● **DATASET CONTENT**
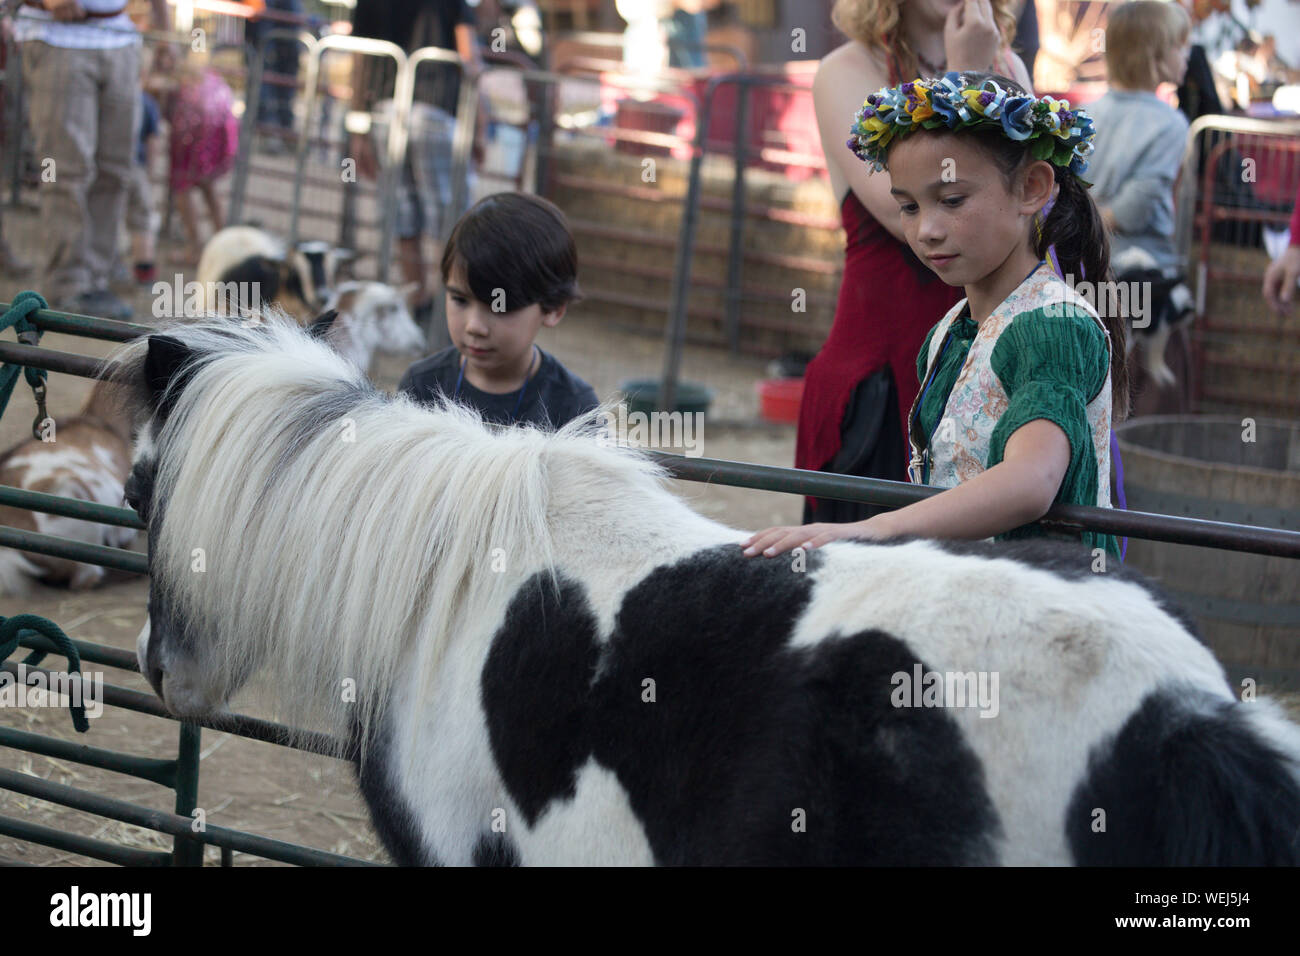 Brother and sister 5-6 years old and 9 years old of Asian appearance at petting zoo with pony, Gilroy, California Stock Photo
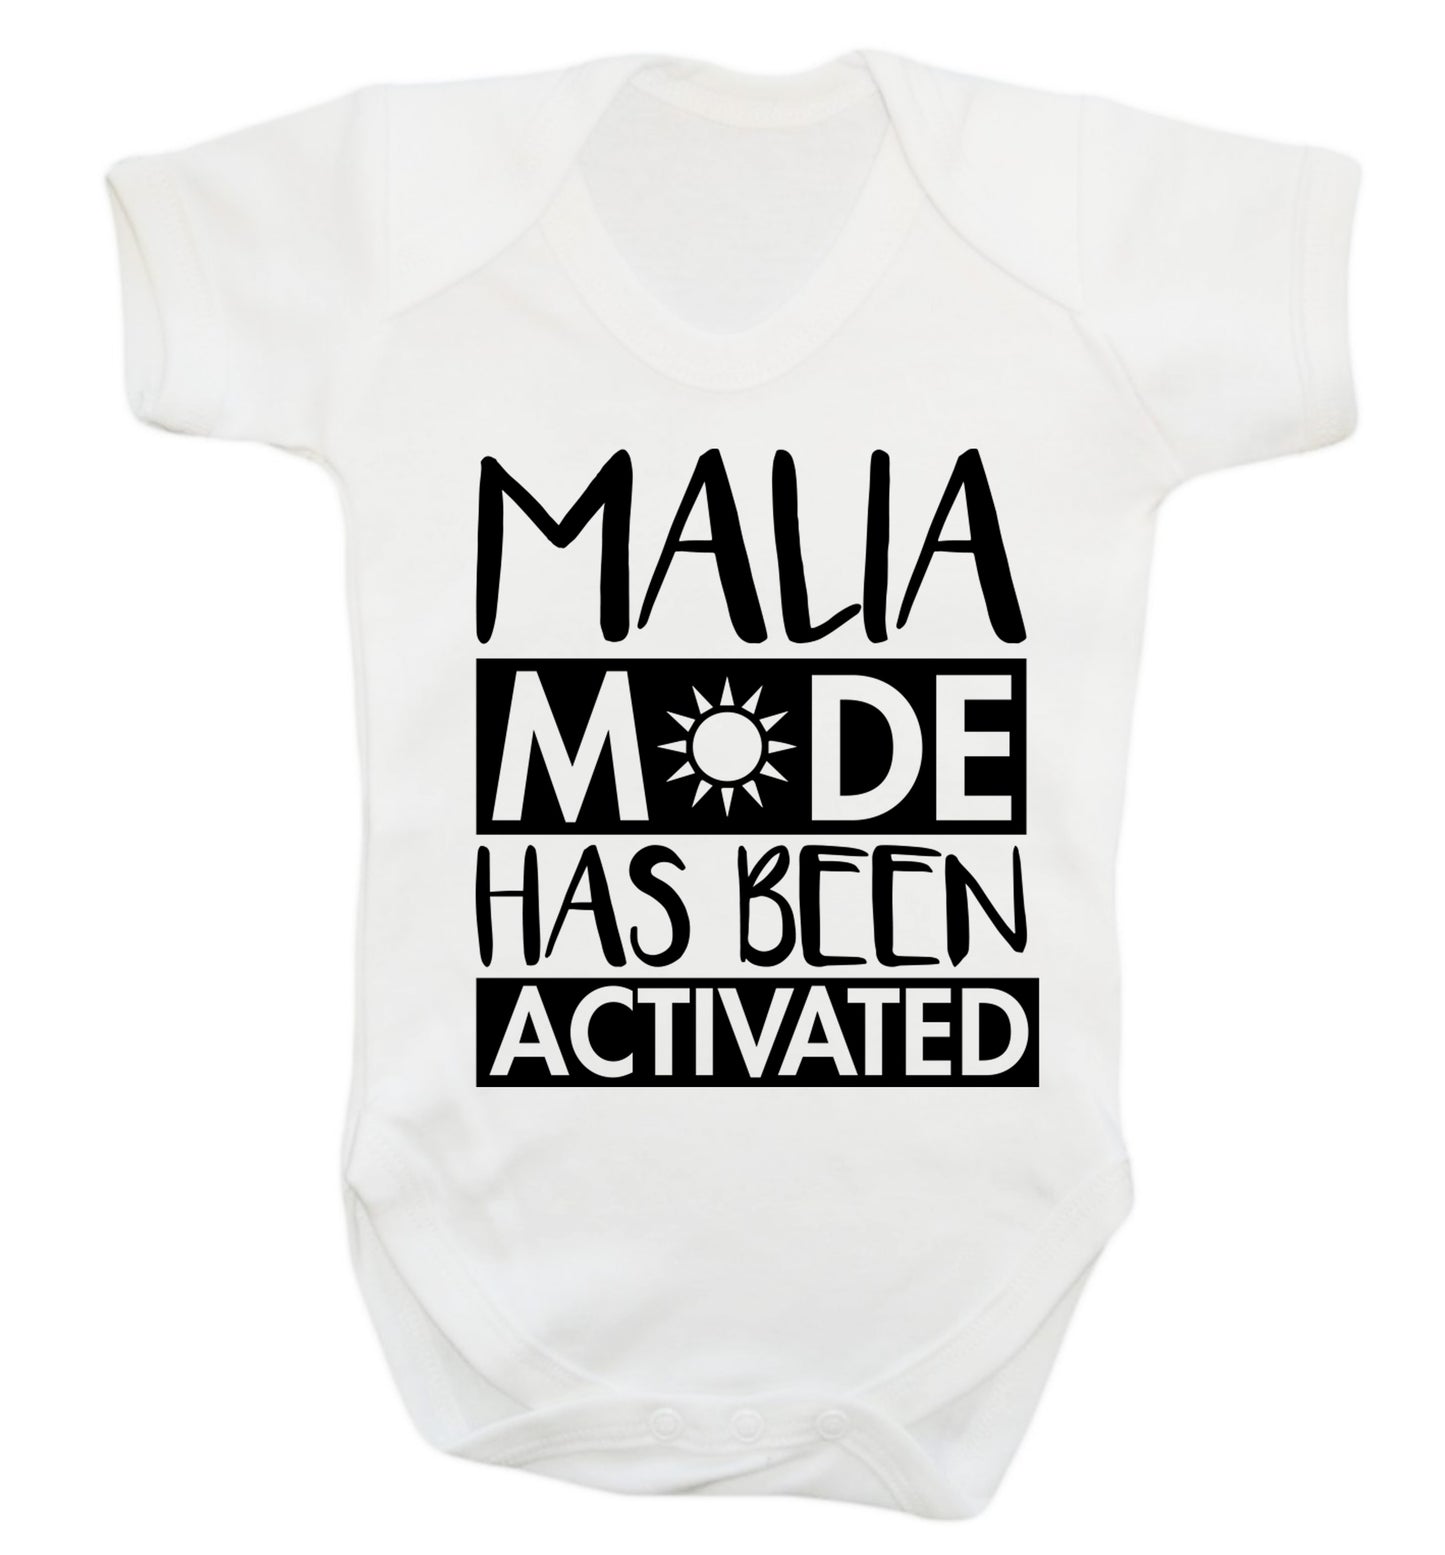 Malia mode has been activated Baby Vest white 18-24 months
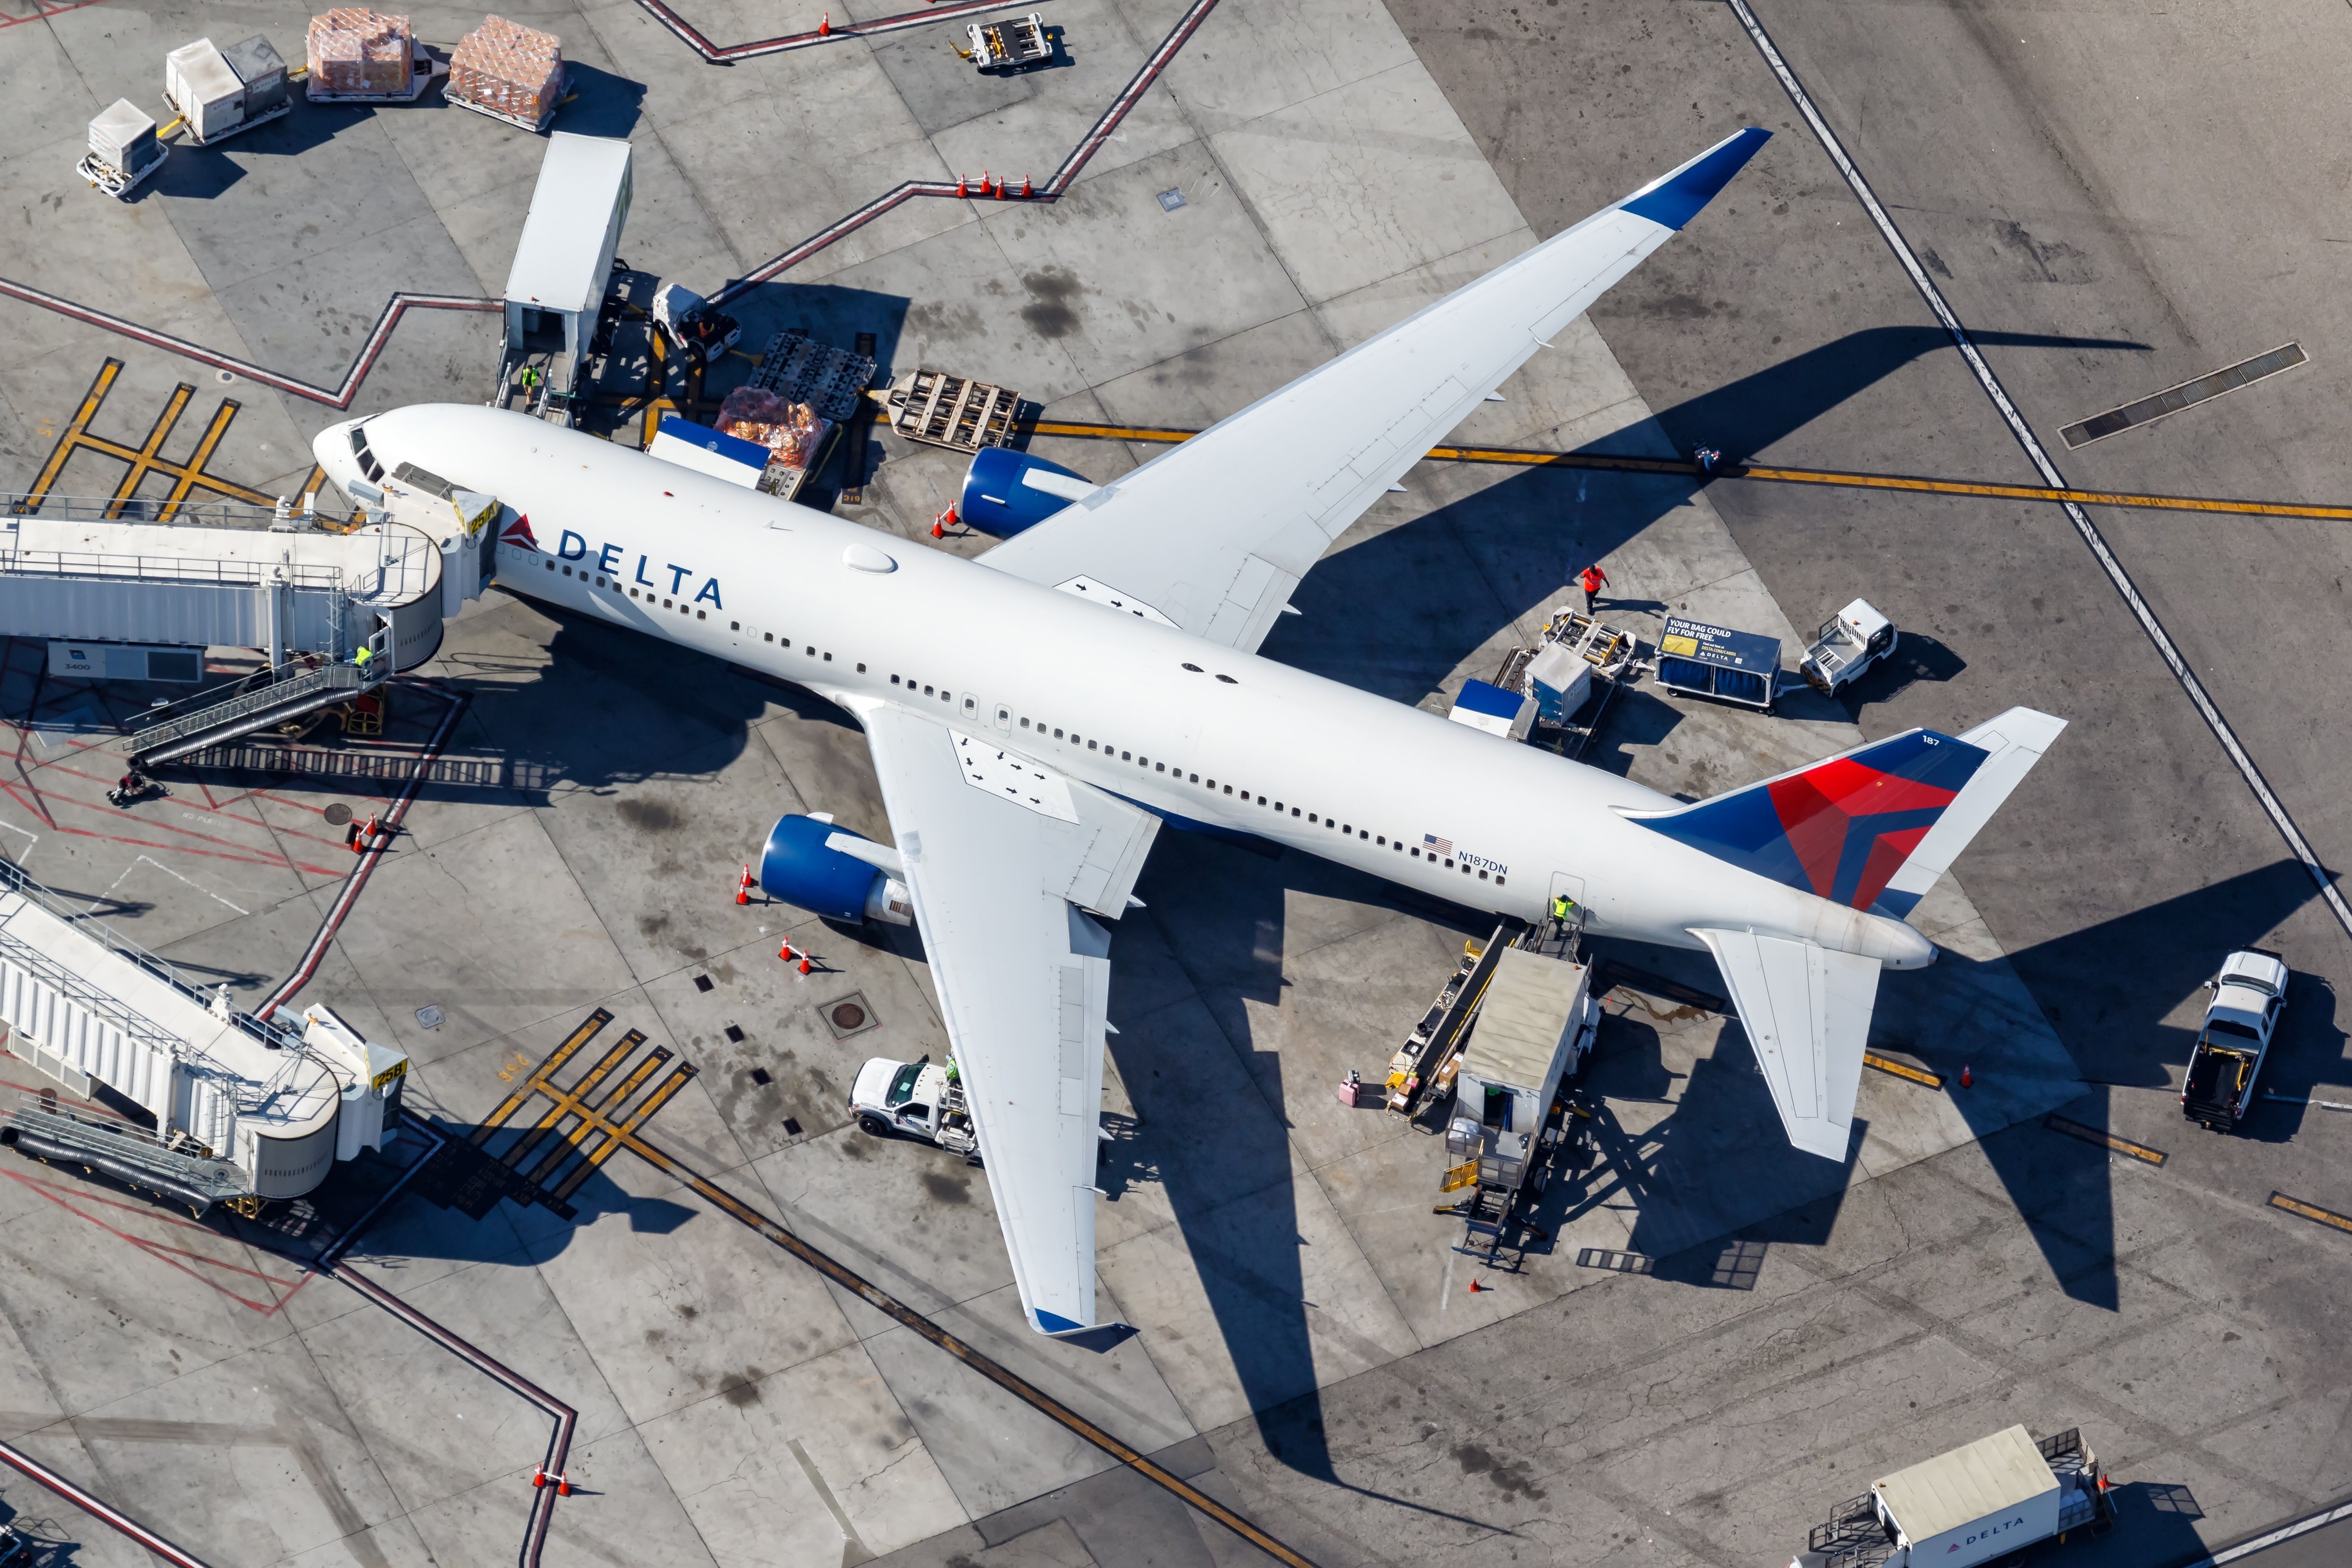 Delta on stand at LAX

● **PROBLEM TO WORK ON**
In the copy, omit the pictures and give every line of the data exactly.

● **SOLUTION TO THIS PROBLEM**
 Brother and sister 5-6 years old and 9 years old of Asian appearance at petting zoo with pony, Gilroy, California Stock Photo
 Malia mode has been activated Baby Vest white 18-24 months
 Delta on stand at LAX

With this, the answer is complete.